Parallax
Well-known member
- Joined
- Nov 16, 2023
- Messages
- 460
- Reaction score
- 456
You can win a Superbowl with an average QB surrounded by an amazing team. You can win a Superbowl with an amazing QB surrounded by an average team. But you need one or the other. Which way is more likely to lead to success in the relatively near future? Hard to say.I admitted you’re damned either way very often. Why not just go with bird in the hand who gets you to the playoffs consistently (ok brink last year) because the glaring, resounding, obvious deficiency on this team is defense. Swing for the first four rounds to fill those holes and even if 1.5 hit we are a playoffs team next year. Miss on QBOTF and we are so far behind the curve it’s crazy and as i alluded earlier, who knows what dominos then fall to allow divisional teams to fill holes.

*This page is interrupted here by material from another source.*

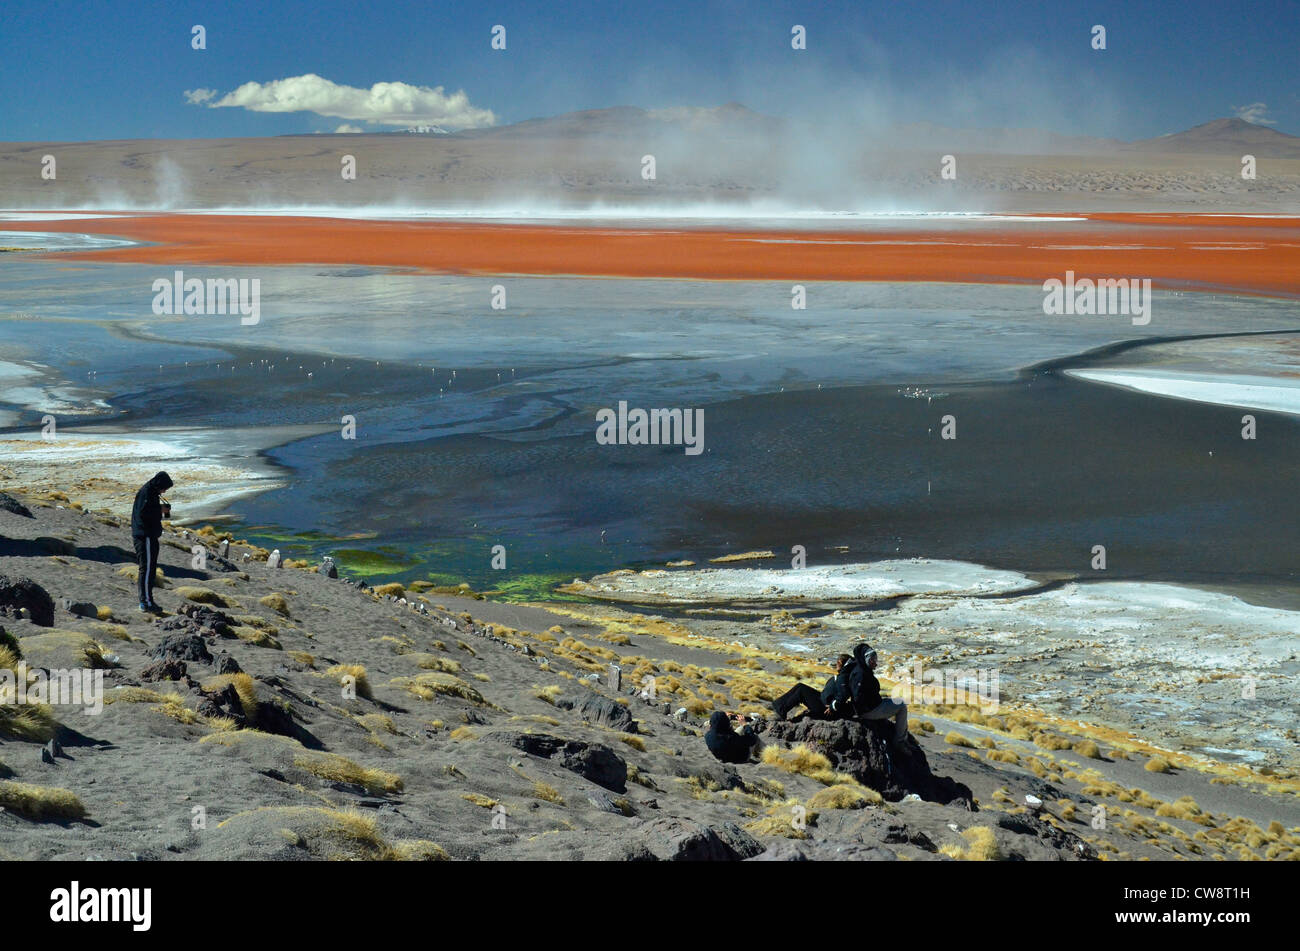 Travel in high altitude of Altiplano plateau in Bolivia, South America. Tourists viewing lake Colorada on icy day. Stock Photo
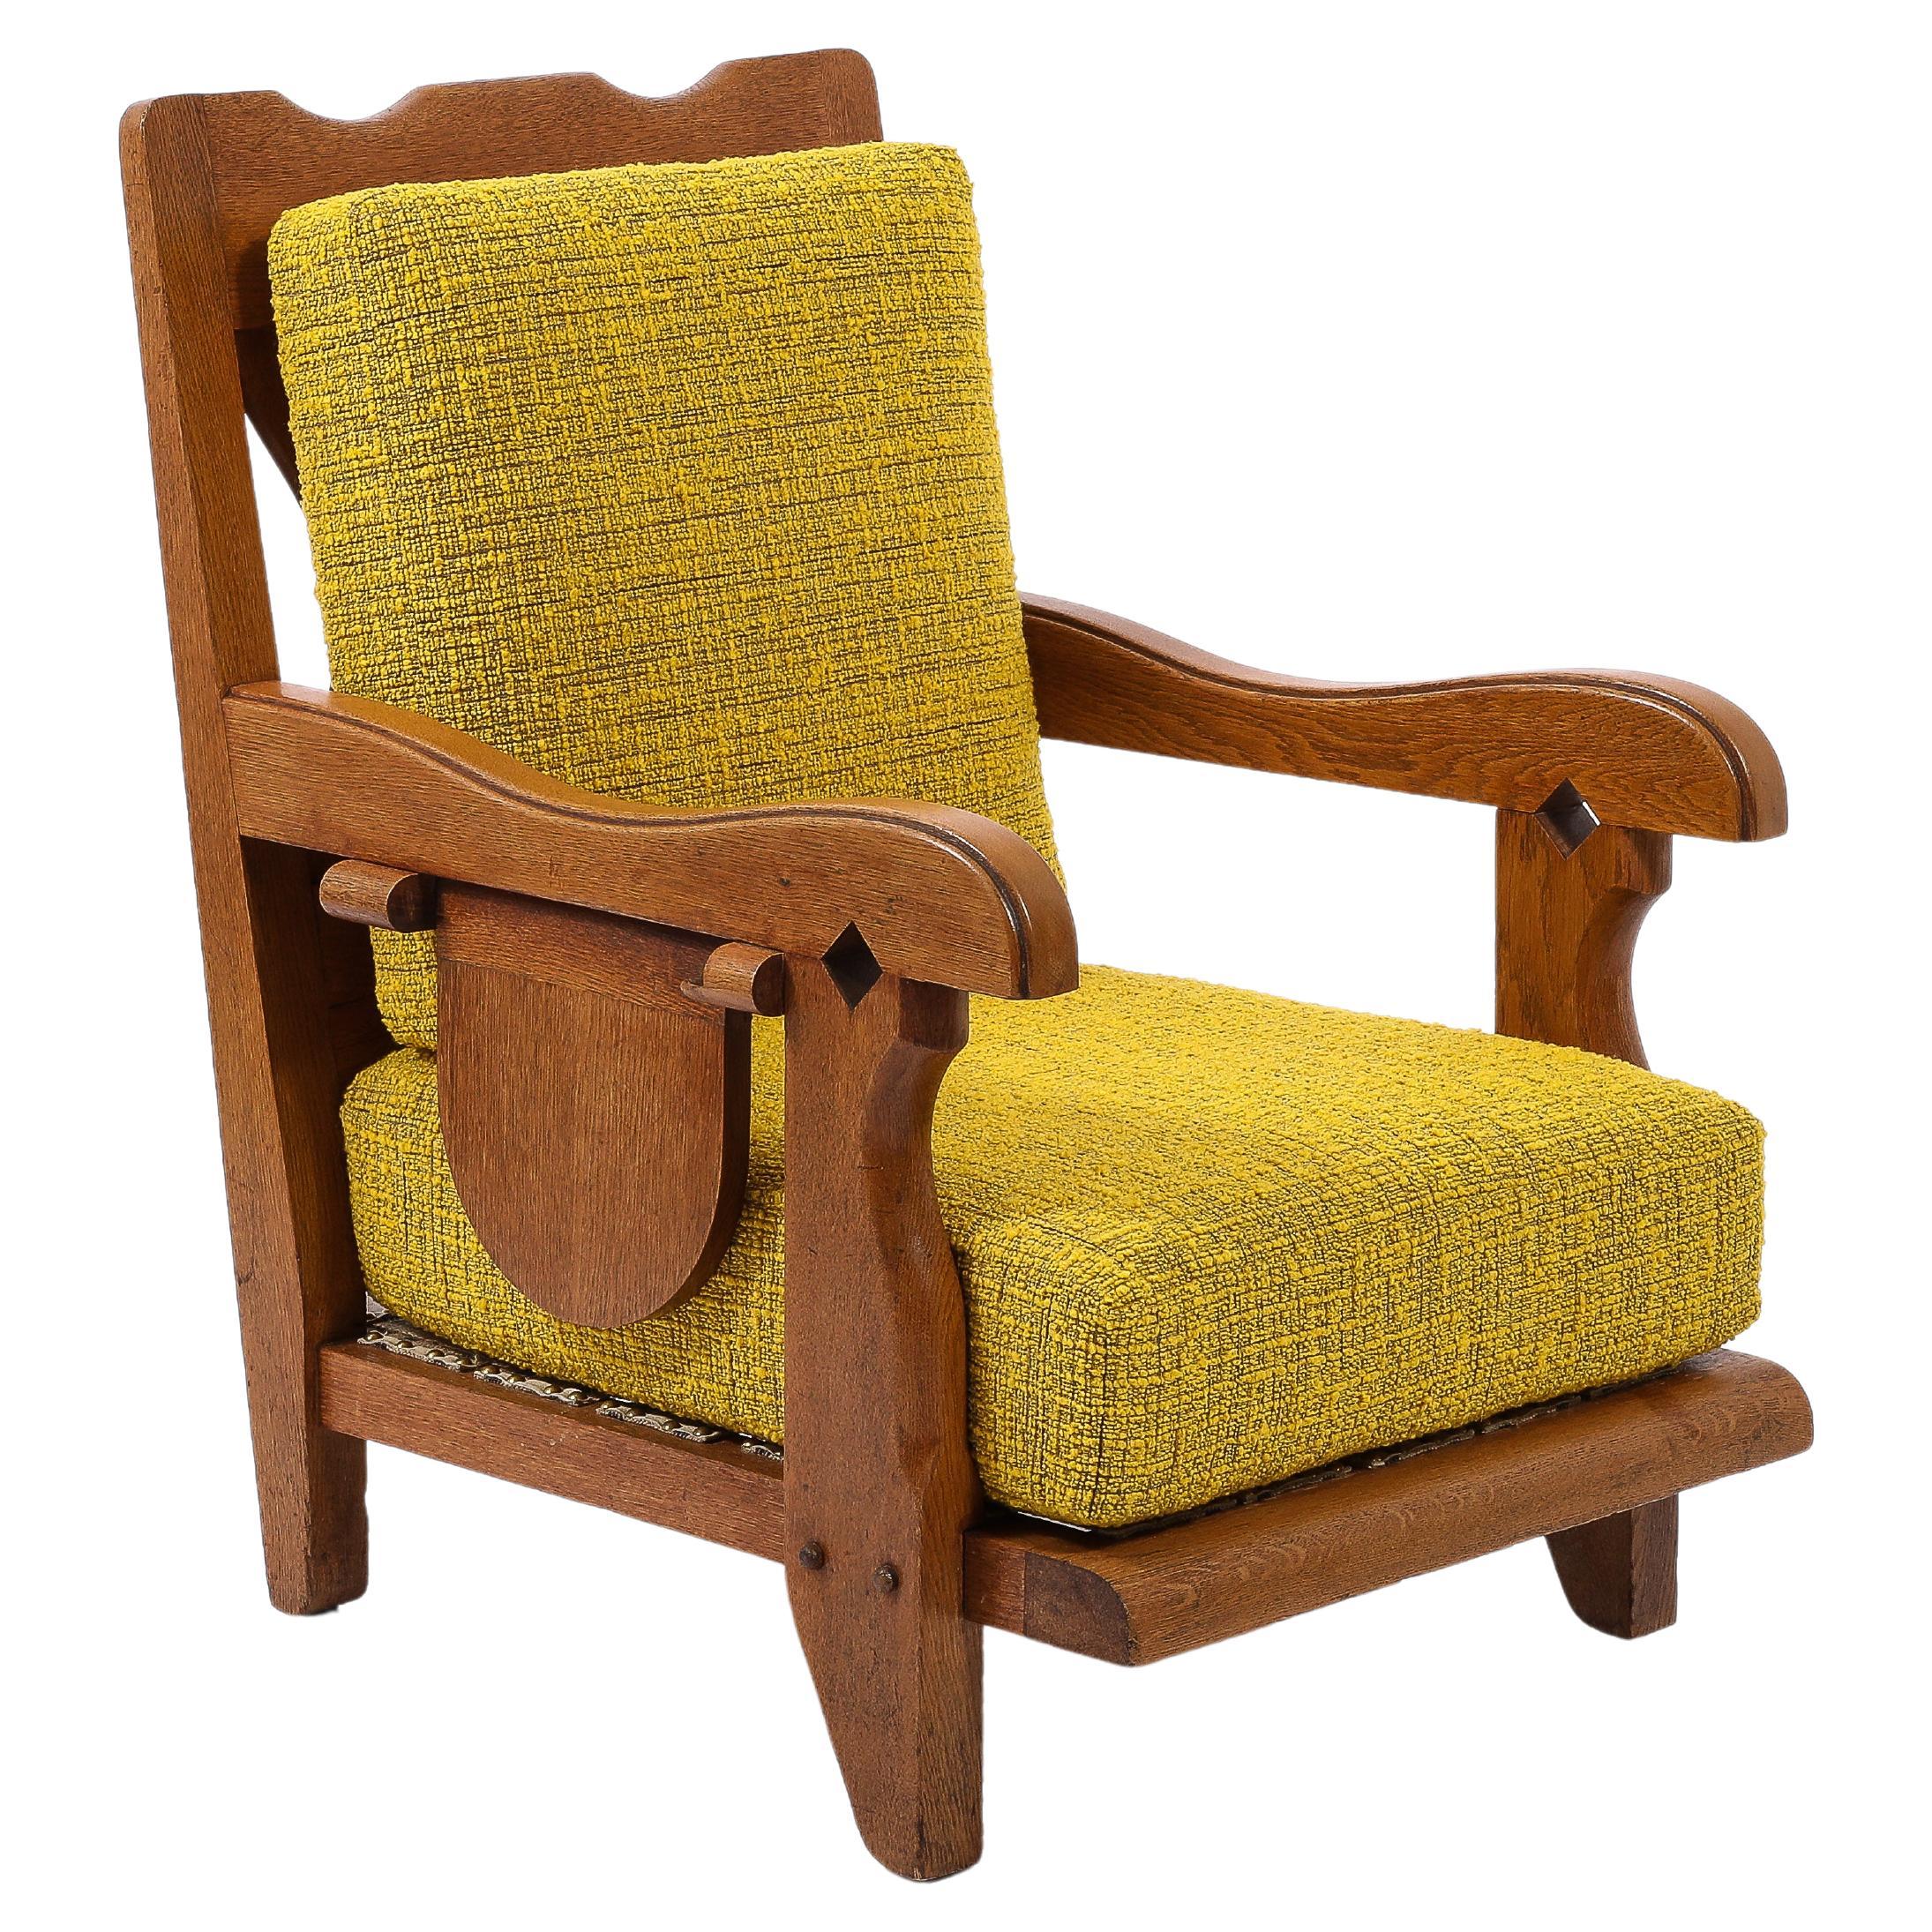 Large Oak & Yellow Wool Armchair with side Shelf, France 1950's For Sale

I pretty much thought i summed it up when I’ve said Mahomes couldn’t carry this defense to the Super Bowl. That’s a foundational argument to my viewpoint. How many top tier picks can we gamble on QB and still be able to return this defense to even slightly above league average? I say none at this point.
The basics in my book are to make sure that every draft you take the top guy available on your board each time you come up to bat. If that's a QB, great. If not, that's fine too.
Fill in with reasonably priced free agents. That means waiting while teams take big swings on expensive guys. Don't spend money or lose compensatory picks in that part of the process. Wait until everything settles down and your comp picks are safe. Then see who's left.
That might mean signing an undervalued guy like Baker Mayfield last year. It might mean swinging for the fences with a guy like Will Levis.
Know that, whichever direction you go, the odds are long. A team can make up for long odds in part by scheming well, creating a healthy culture, coaching well, pounding the weight room, etc. To win a Superbowl will likely take all of that and some dumb luck.